No picture belongs in the answer, which must hold exactly the lines from the one with "指原莉乃プロデュースによるアイドルグループ「≒JOY」1stコンサート in パシフィコ横浜" through the final line below.

■ **Input data**
■ ■ ■ ■

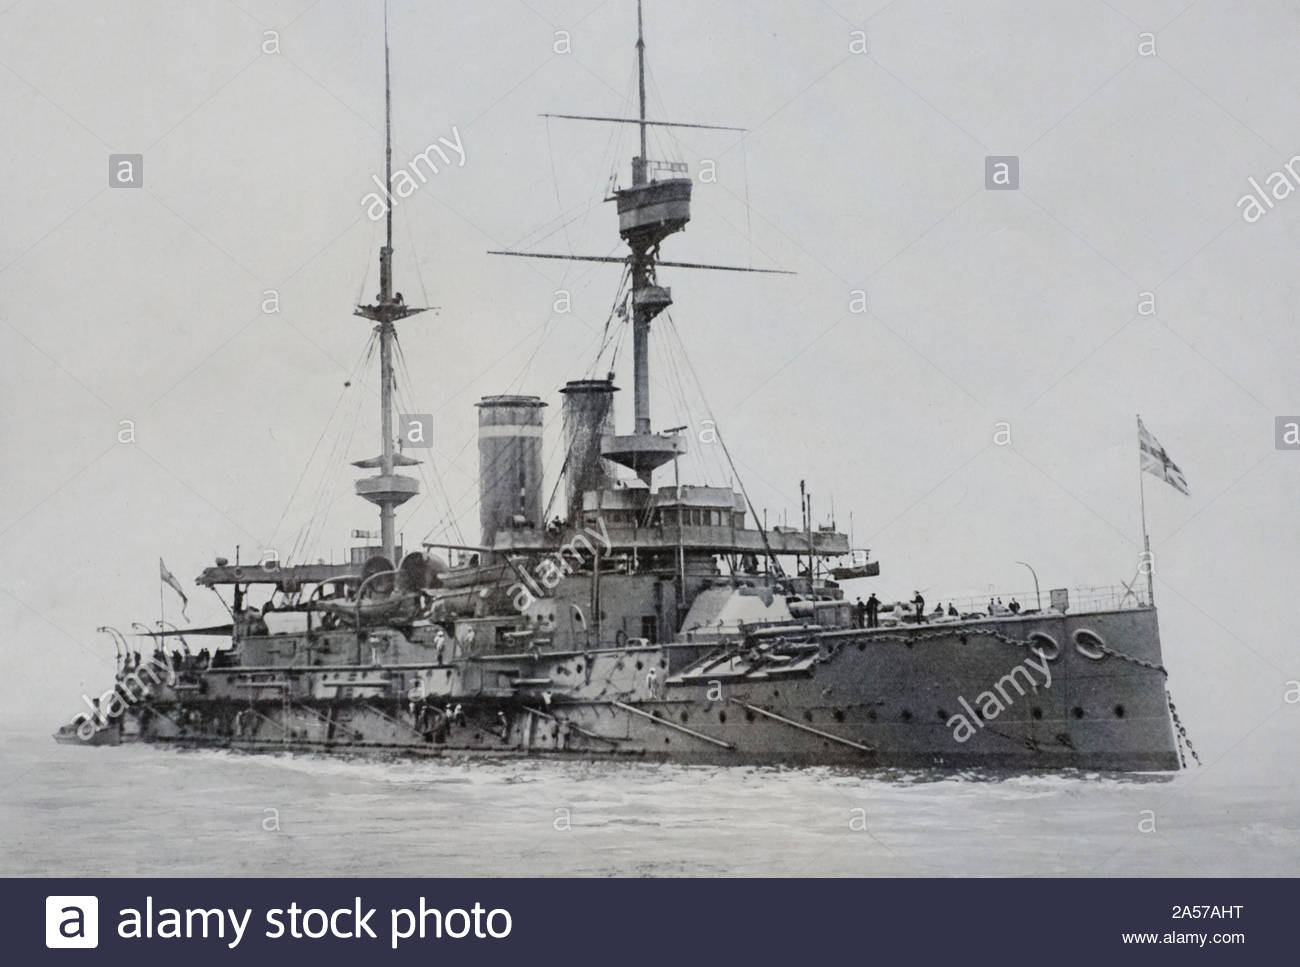 HMS Formidable, ein WW1 British pre-dreadnought Kriegsschiff, das Schiff im Jahr 1901 lanciert wurde und torpedod und am Neujahrstag 1915, vintage Foto Anfang 1900 versenkt s Stockfoto
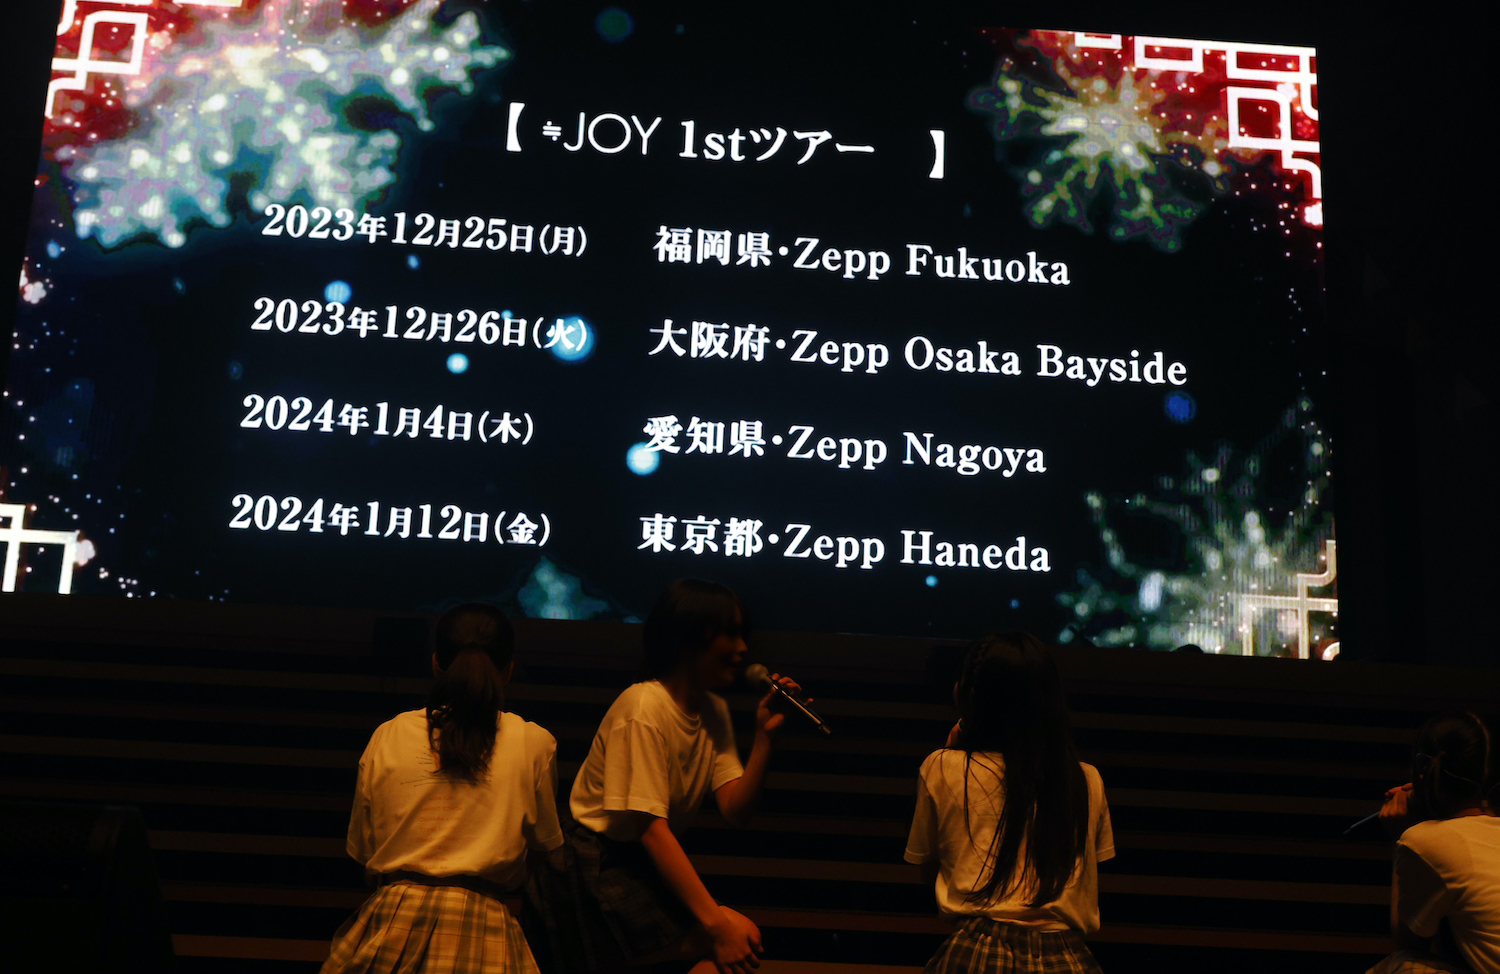 指原莉乃プロデュースによるアイドルグループ「≒JOY」1stコンサート in パシフィコ横浜 国立大ホール
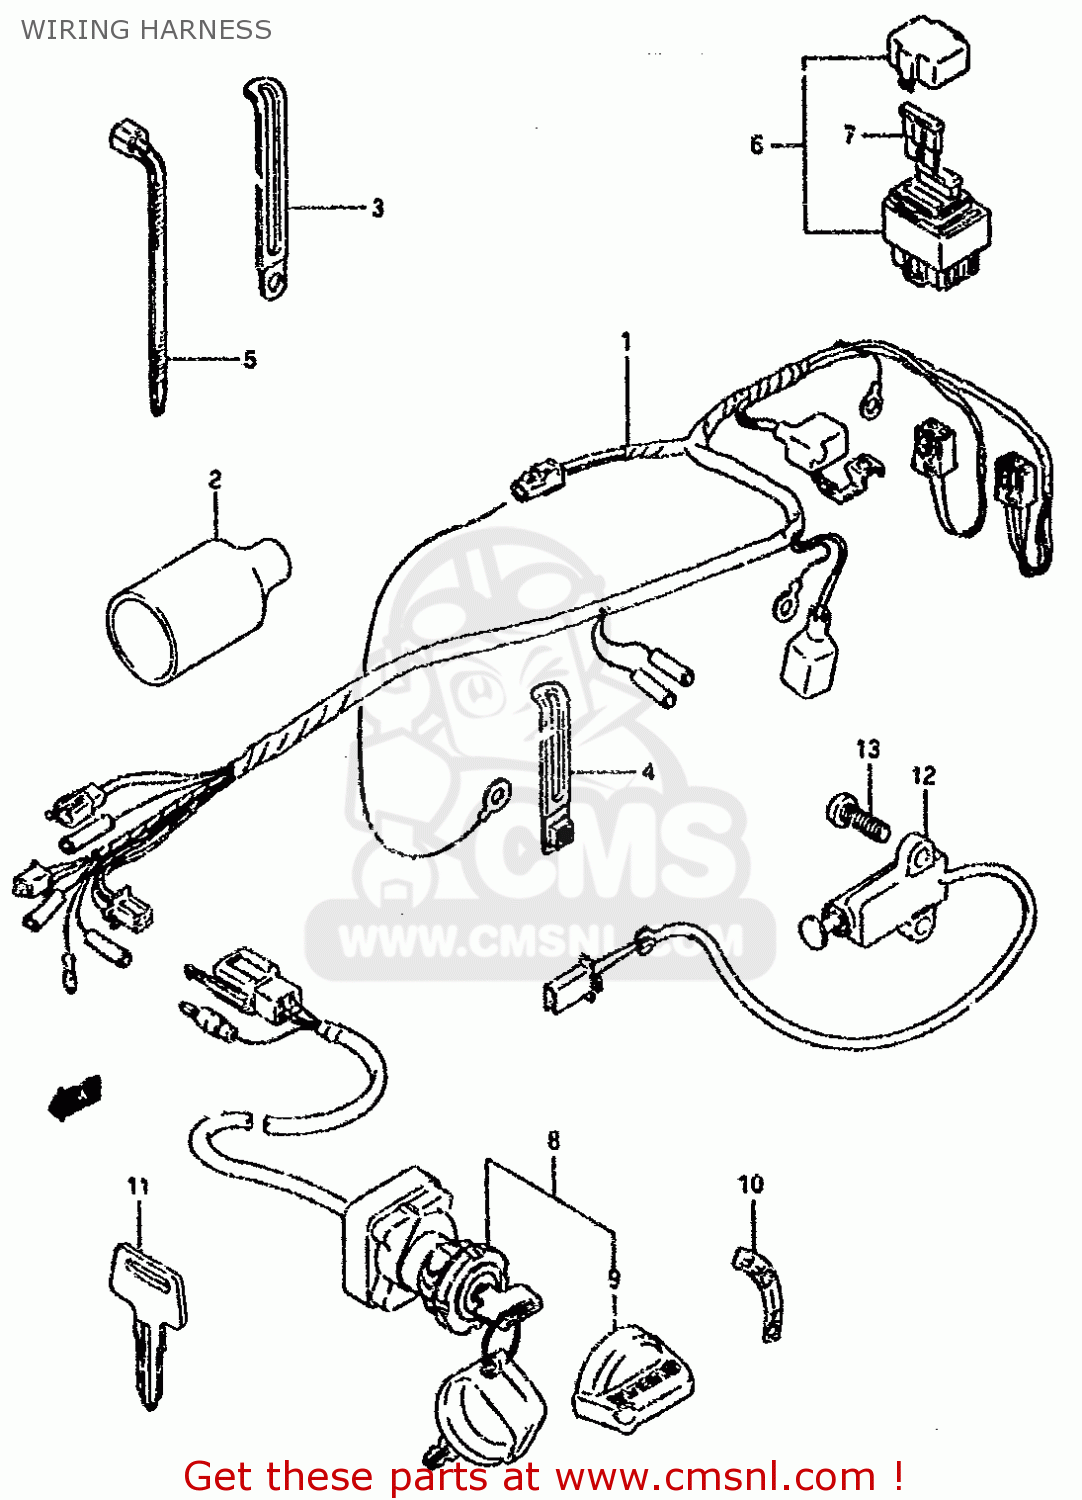 suzuki lt80 wiring diagram

■ ■ ■ ■

■ **Task answer**
 指原莉乃プロデュースによるアイドルグループ「≒JOY」1stコンサート in パシフィコ横浜 国立大ホール
 suzuki lt80 wiring diagram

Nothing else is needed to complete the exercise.